Why Do Good Art Teachers Find It Hard to Stay in the Public School System?

By Cohen-Evron, Nurit | Studies in Art Education, Fall 2002 | Go to article overview

Why Do Good Art Teachers Find It Hard to Stay in the Public School System?


Cohen-Evron, Nurit, Studies in Art Education


This study is part of extended research that explores how beginning art teachers negotiate their teaching identity and beliefs within the public educational system. The research involved 28 former art student-teachers who recently graduated from the School of Art, Beit Berl College in Israel. In the beginning of this article I briefly describe the difference between the terms: "teacher's role" and "teacher's identity." This provides the conceptual framework for my analysis of the difficulties the art teachers described as conflict between their roles and their beliefs and teaching identity. The art teachers' partial tales of the challenges, problems and satisfactions they encountered, and the descriptions of their negotiations within their marginal place in the schools, provide an opportunity to pay close attention to the difficulties and conflicts in their practice. The major challenges emerging from the teachers' tales include a feeling of isolation, having to negotiate the status of art, and conflicts with the educational system. In conclusion, some possible answers to why good art teachers find it difficult to stay in the public school system are offered.

According to studies in the U.S. and in Israel, a large percentage of new teachers leaves the classroom within 5 years (Faber, 1984; Geva-May, 1995; Sabar, 2001). Those with higher academic degrees are among the first to leave (Amstrong, 1984; Van Manen, 1991). Many that decide to stay resort to overly conservative, unimaginative pedagogy in order to survive (Wittrock, 1986; May, 1995).

As part of studying the ways beginning art teachers negotiate their teaching identity and beliefs within the public educational system (Cohen-- Evron, 2001), I collected their tales of the. challenges, problems, and satisfactions they encountered during their everyday work. Their descriptions of negotiations within their marginal place in the schools provide an opportunity to pay close attention to what they portray as the difficulties and conflicts in their practice and why good art teachers find it difficult to stay in the public school system.

The Distinction Between Art Teachers' Role and Art Teachers' Identity

What disturbs me is that if you are a good teacher you do not use your potential. Because the educational system demand something else it changes you to become mediocre. It isn't just the demand to cover the material, but also the whole attitude... In the first year I felt like a racehorse that cannot run. And [after 5 years of teaching] I still feel so. (Naomi, a high school art teacher, December 17, 1999)
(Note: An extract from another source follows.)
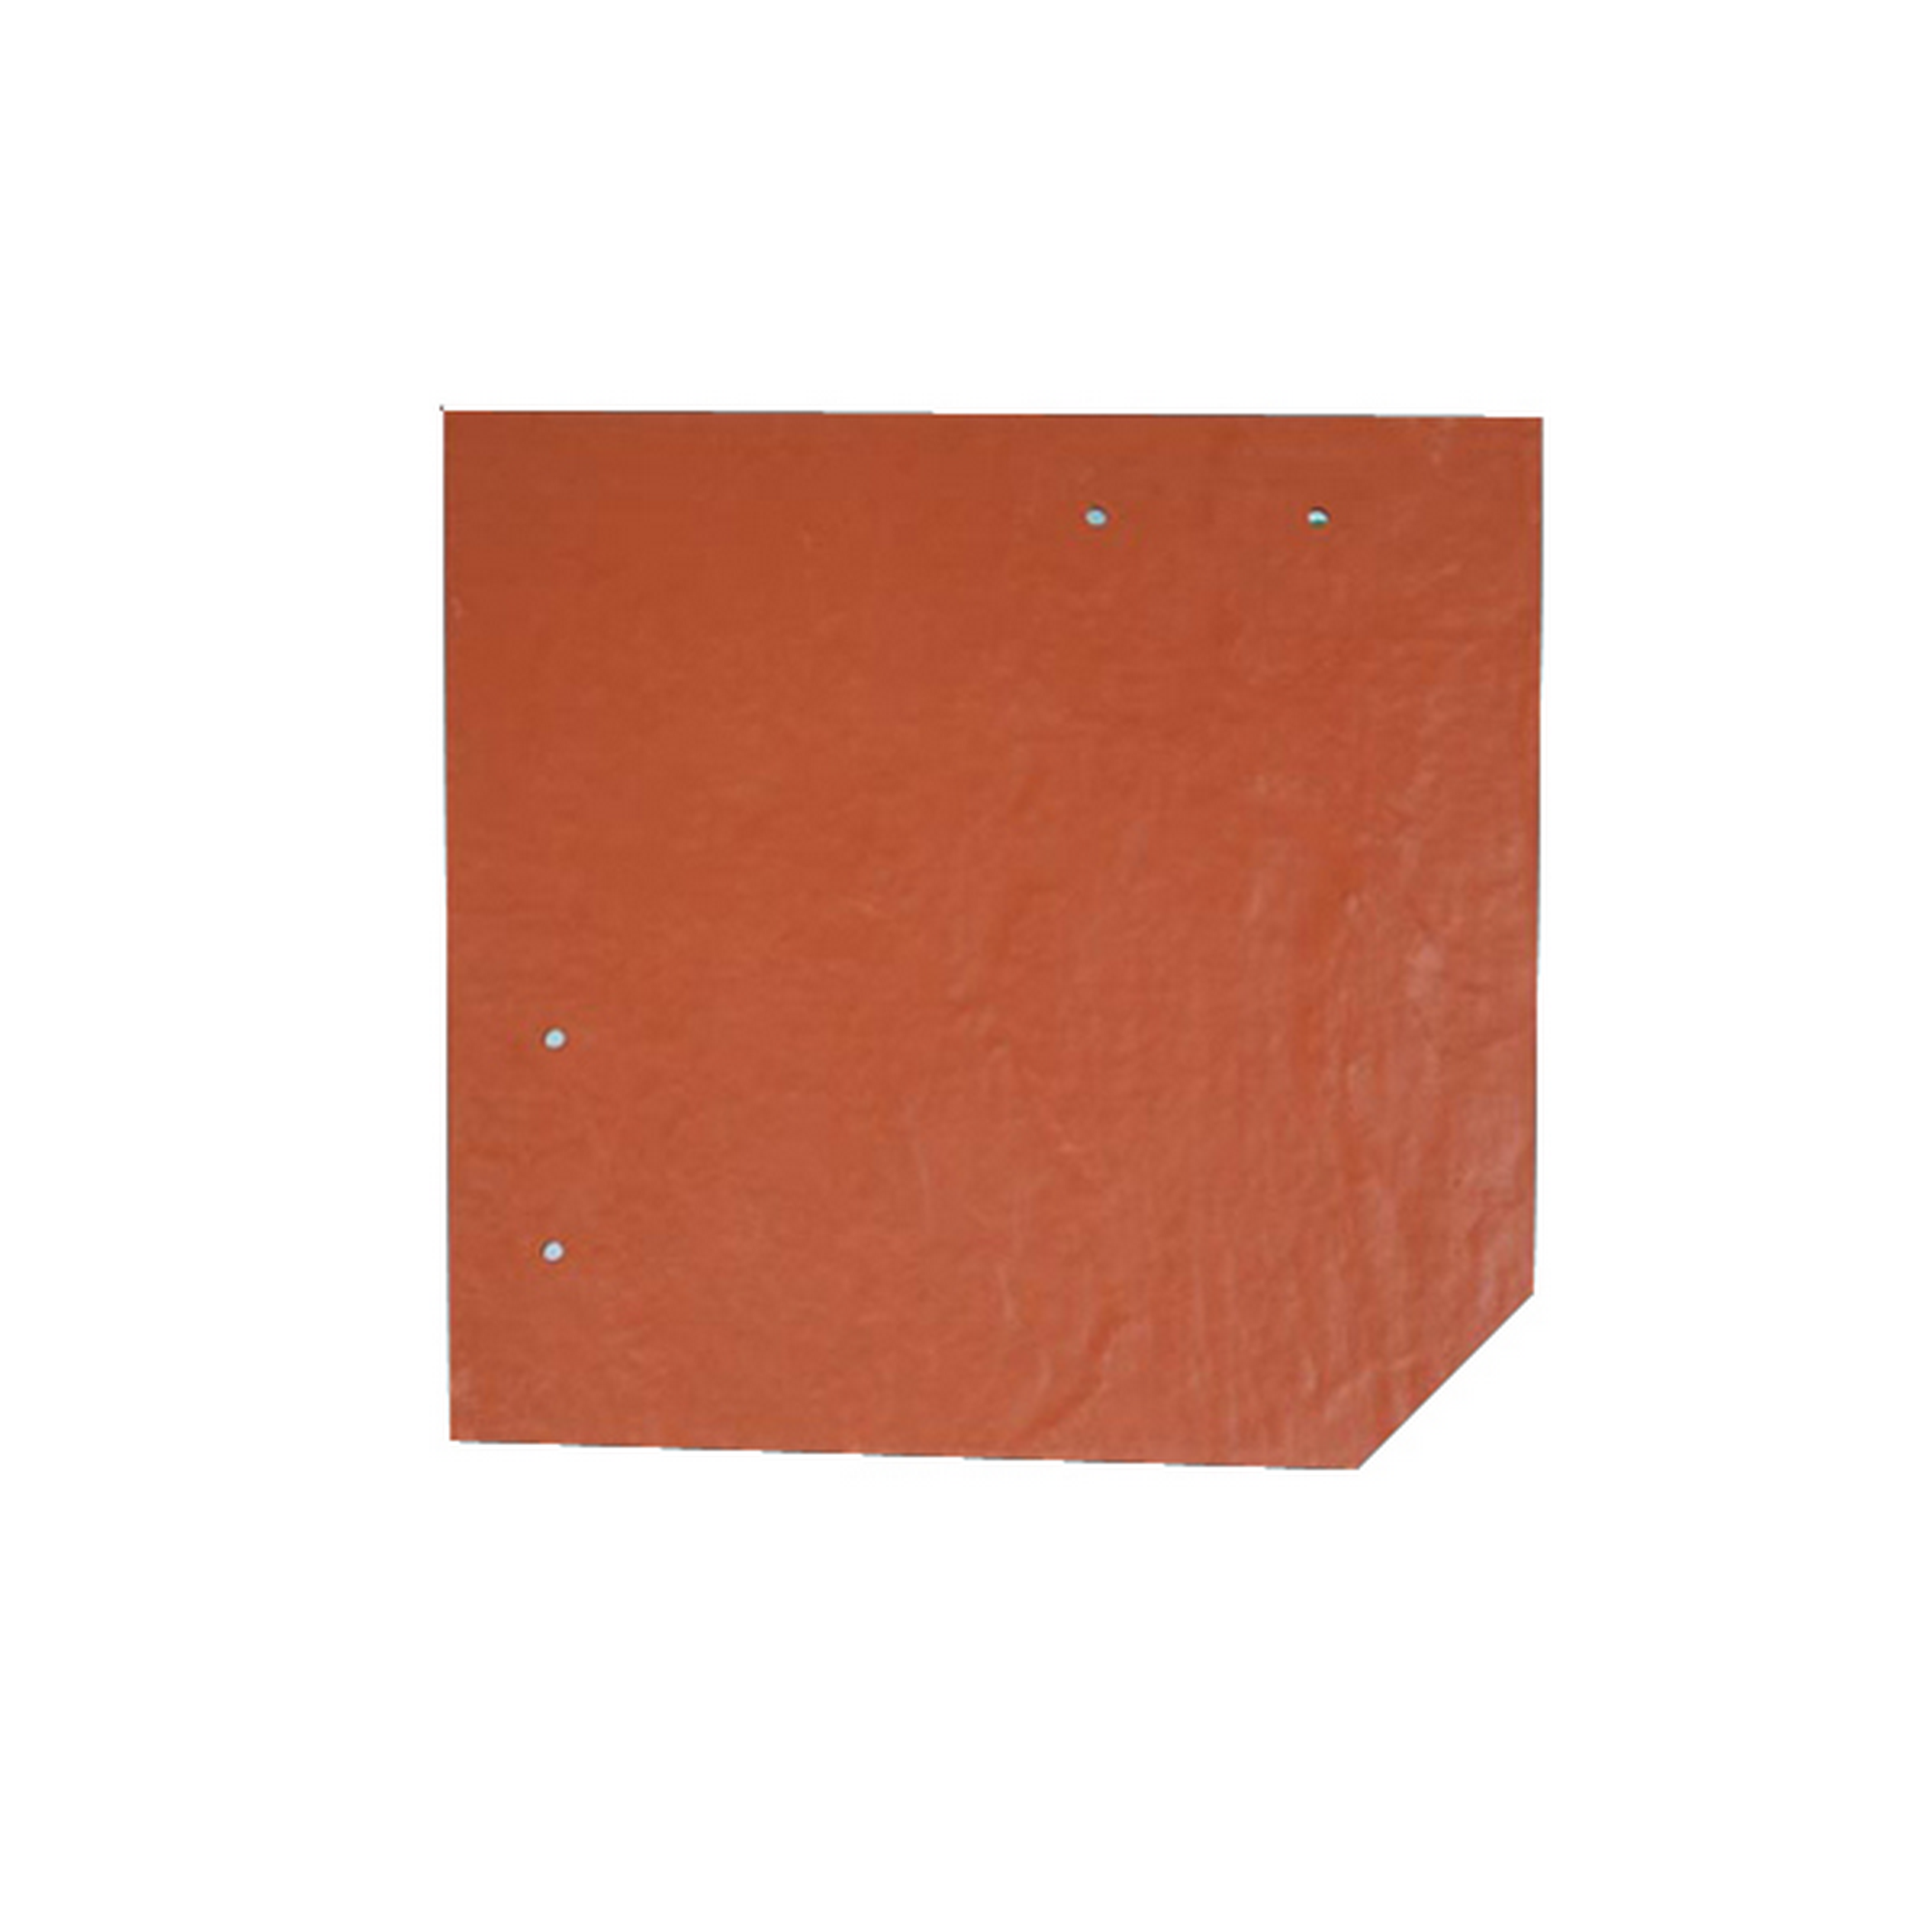 Carport 'Spreewald' rote Blende  396 x 893 cm imprägniert + product picture

Britzman (1991) writes that as teachers "we construct not only our teaching practices and all the relationships this entails, but our teaching voices and identities" (p. 1). In the mainstream discourse of teacher education, teacher identity is viewed as synonymous with teacher's role (Britzman, 1992). Nevertheless, there is an the important distinction between the terms "teachers' role" and "teachers' identity." Britzman (1992) explains, "role speaks to function whereas identity voices investments and commitments. Function, or what one should do, and investments, or what one feels, are often at odds" (p. 29). A teacher's role is determined by teaching conditions and the formal expectations of the different people involved in schooling (the superintendent, the principal, parents, students, colleagues, the curriculum, the teachers themselves). This often does not coincide with the beliefs and expectations of teachers. Yet teachers' beliefs and the perceptions they hold about the subject matter to be taught, about their students, and about teaching and learning determine the ways they interpret what is desirable or undesirable (Kagan, 1992; Sivertsen, 1994). Thus there is often a conflict between what is expected and what is believed, and teachers must negotiate their identity within these conflicted representations and expectations.